Although officials have decreased the poaching of elephant tusks in Northern Africa, a U research study showed that elephants might be in danger of human encroachment on their habitat.
Most elephants living on the African savanna in Northern Kenya graze on leaves in the dry season and grass for a few months when it rains more, but while conducting a 10-year study on elephant dietary habits, U researchers found the elephants weren’t able to eat grass for one season because cattle beat them to it.
“For an elephant to eat grass, you have to think of it as spaghetti,” said Thure Cerling, a geology and geophysics professor at the U. “It’s cut up into tiny pieces and hard to pick up with a fork. An elephant has to twist the grass around, and if it’s less than a foot high, they can’t get it.”
As humans start moving closer to the elephants, their cattle eat the grass, keeping it lower than a foot and too low for elephants to grasp with their trunks.
Researchers began monitoring the movements of more than 800 elephants using GPS technology, and Save the Elephants founder Iain Douglas-Hamilton sent Cerling tail hair from the Northern African elephants they tracked.
By using isotopes in the tail hair, Cerling and math doctoral student Chris Remien traced the dietary history of each elephant.
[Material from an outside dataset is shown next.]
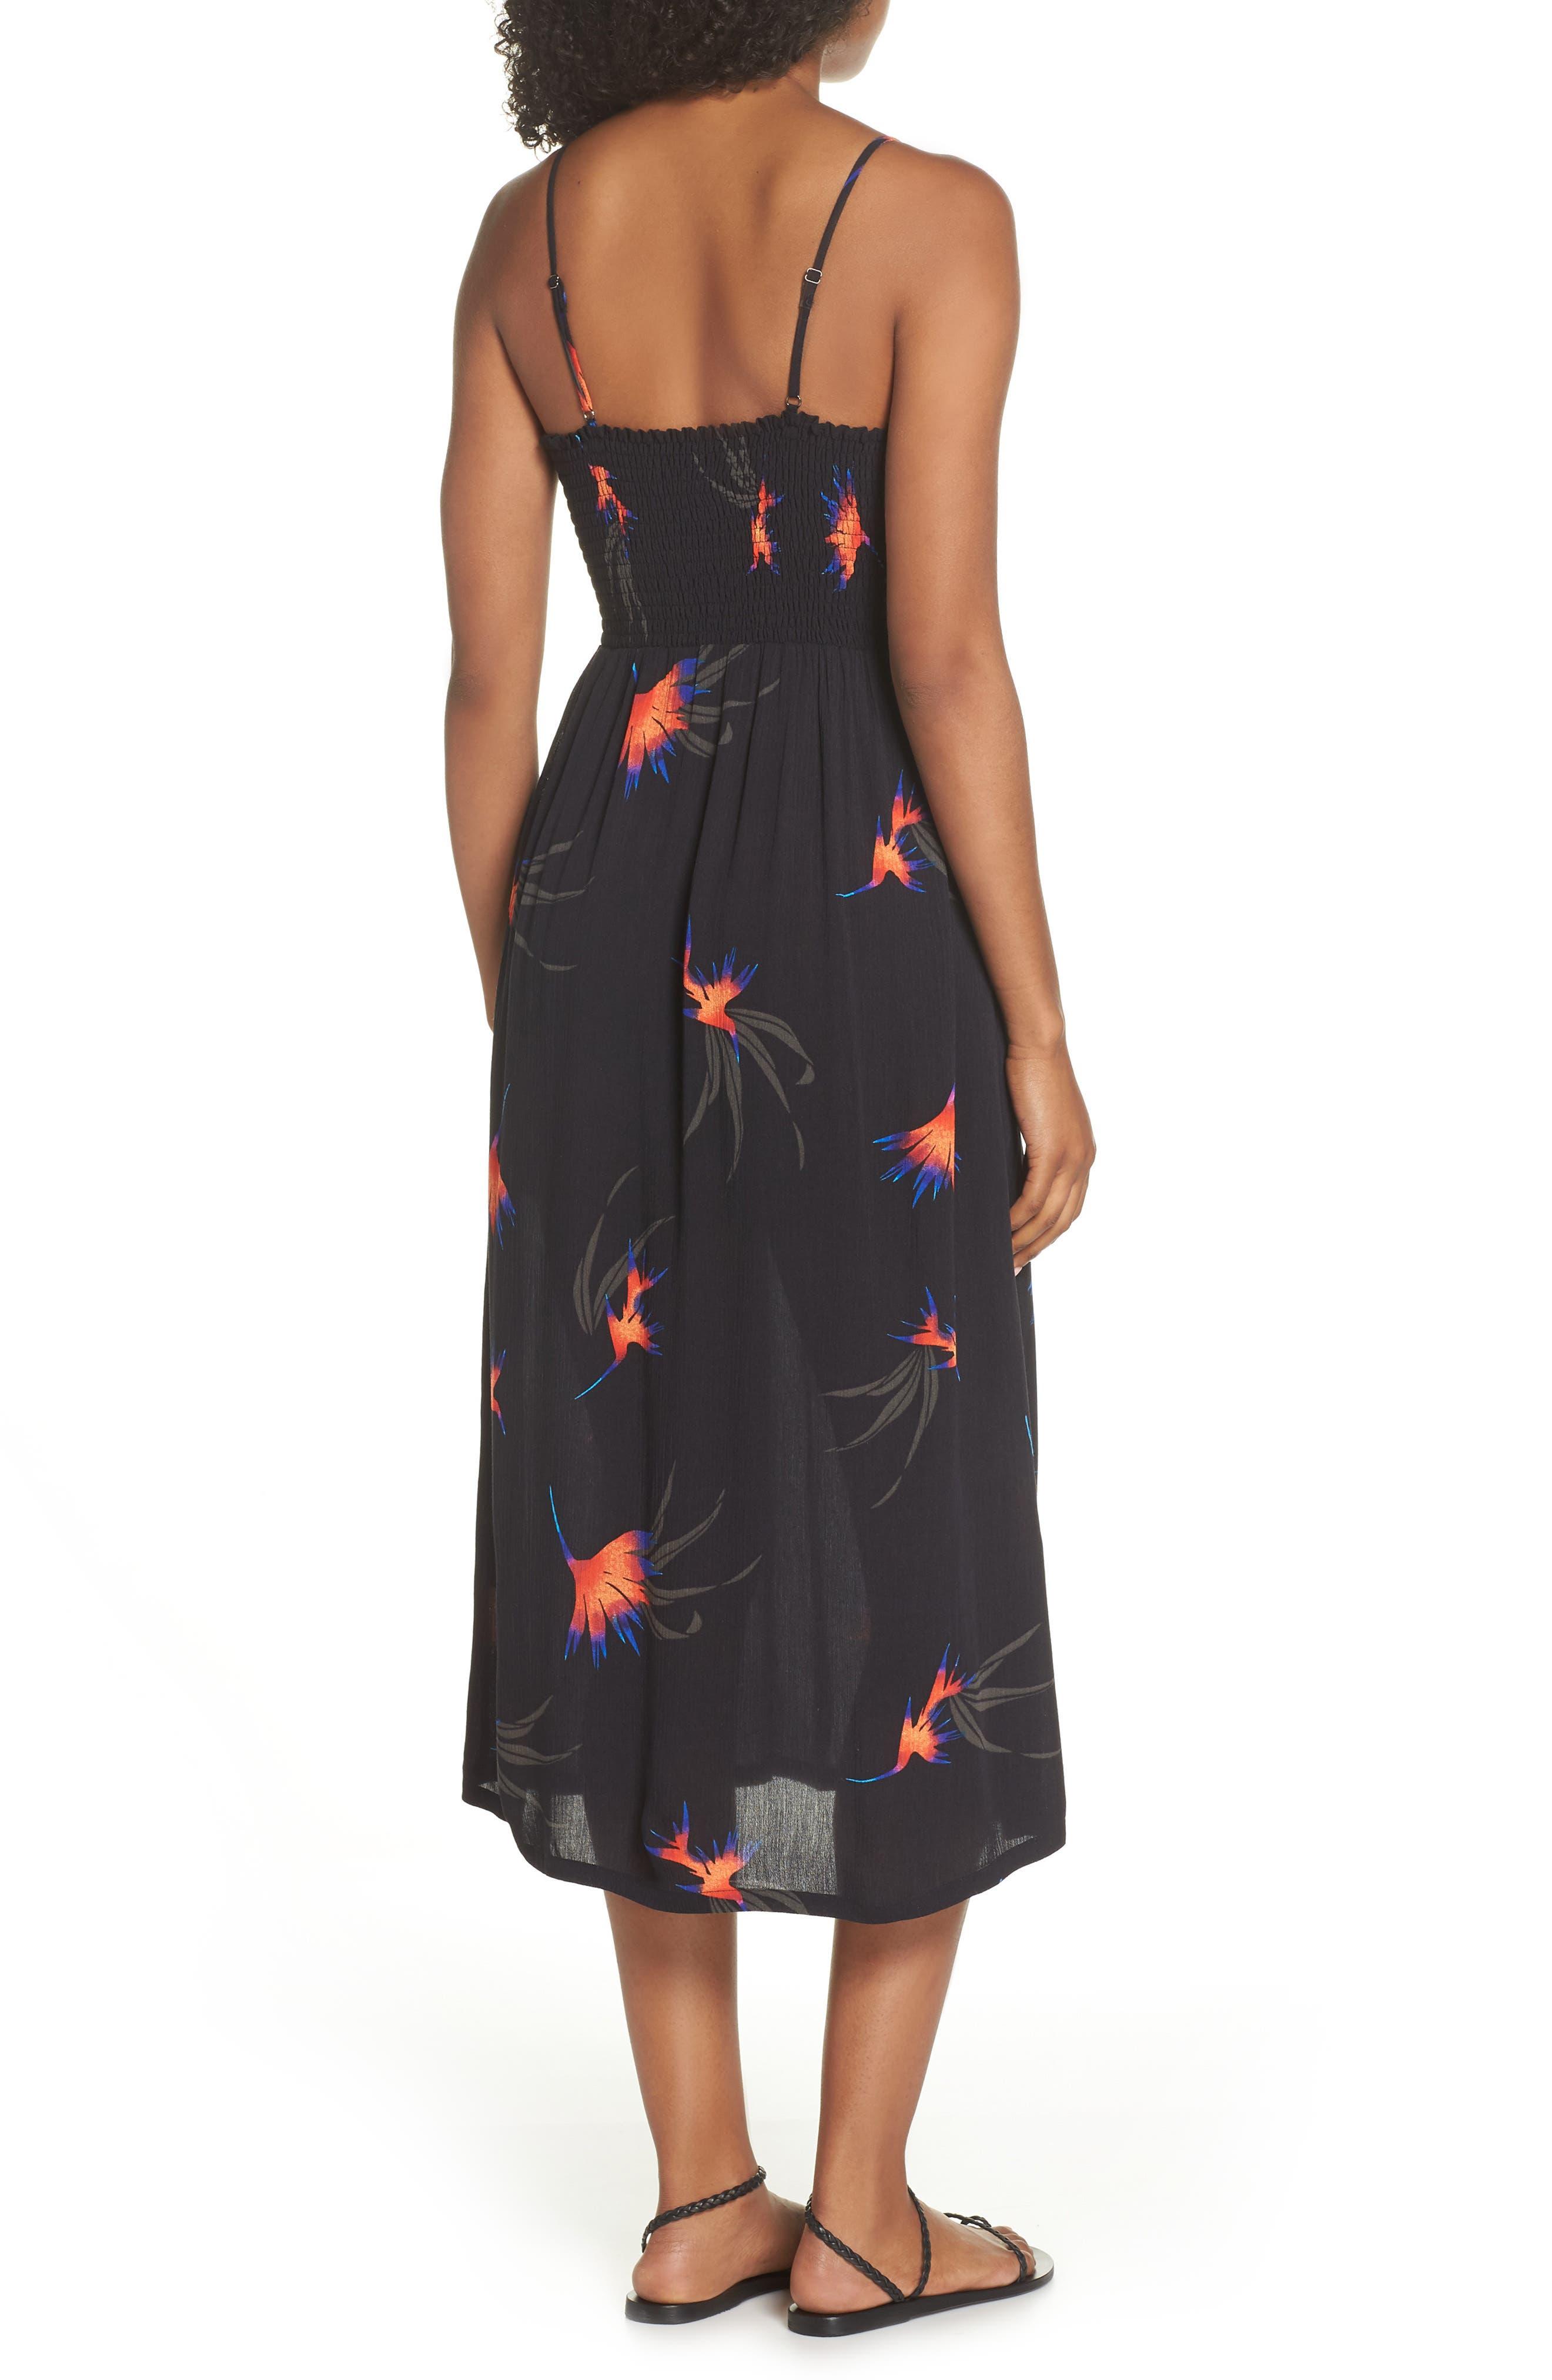 Sydney Midi Dress,                             Alternate thumbnail 2, color,                             Black Paradise City Print
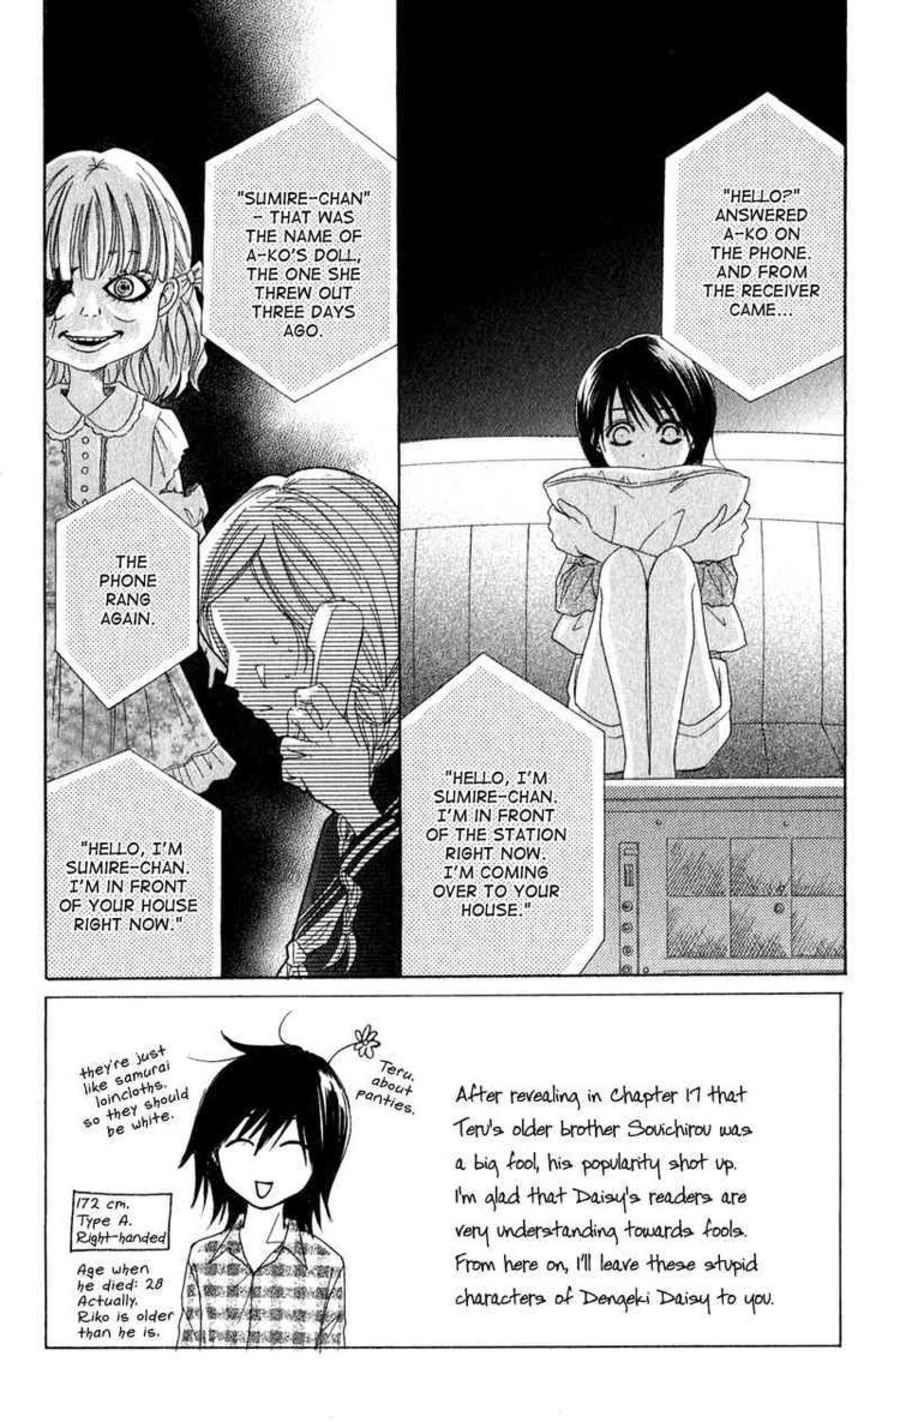 Dengeki Daisy Manga - Chapter 18 - Page 2 of 38 - AnimeA

The isotopes, which are atomic elements with an extra neutron, can be used as tracers when researchers measure the ratio of different isotopes and connect it to the composition of various plants, including grass.
The family of elephants called the Royals moved away from their traditional grazing habitat in Buffalo Springs National Reserve in Northern Kenya to a nearby area one season, Cerling said.
“There’s far too many elephants than that space can hold,” Cerling said. “They use the land outside the park and people use the land outside the park, but as pressures increase, people in Africa will have to figure out how to make that work.”
Remien said they’re trying to figure out why the elephants moved that specific season.
Researchers will continue monitoring tail hair isotopes in what Cerling calls the one of the first long-term day and night elephant observations.
“Before this study, no one had been able to quantify how much grass is in their diet,” Cerling said.
The study showed that grass makes up almost 60 percent of their diet during the rainy season and just 5 percent the rest of the time.
Although Cerling said researchers monitoring the elephants didn’t report any poor health in the elephants during the season their diet was irregular, grass could still play a role in healthy weight for birthing.
Holly Braithwaite, spokeswoman for the Hogle Zoo, said the elephants housed at the zoo primarily eat hay and grass, which are both necessary since some food, such as alfalfa, have too much protein for maintaining health.
“It’s something the elephants clearly need,” Cerling said. “For millions of years, grass has been extremely important to their diet.”
U researchers are also working with Kenyan Wildlife Services concerning lions and rhinoceros.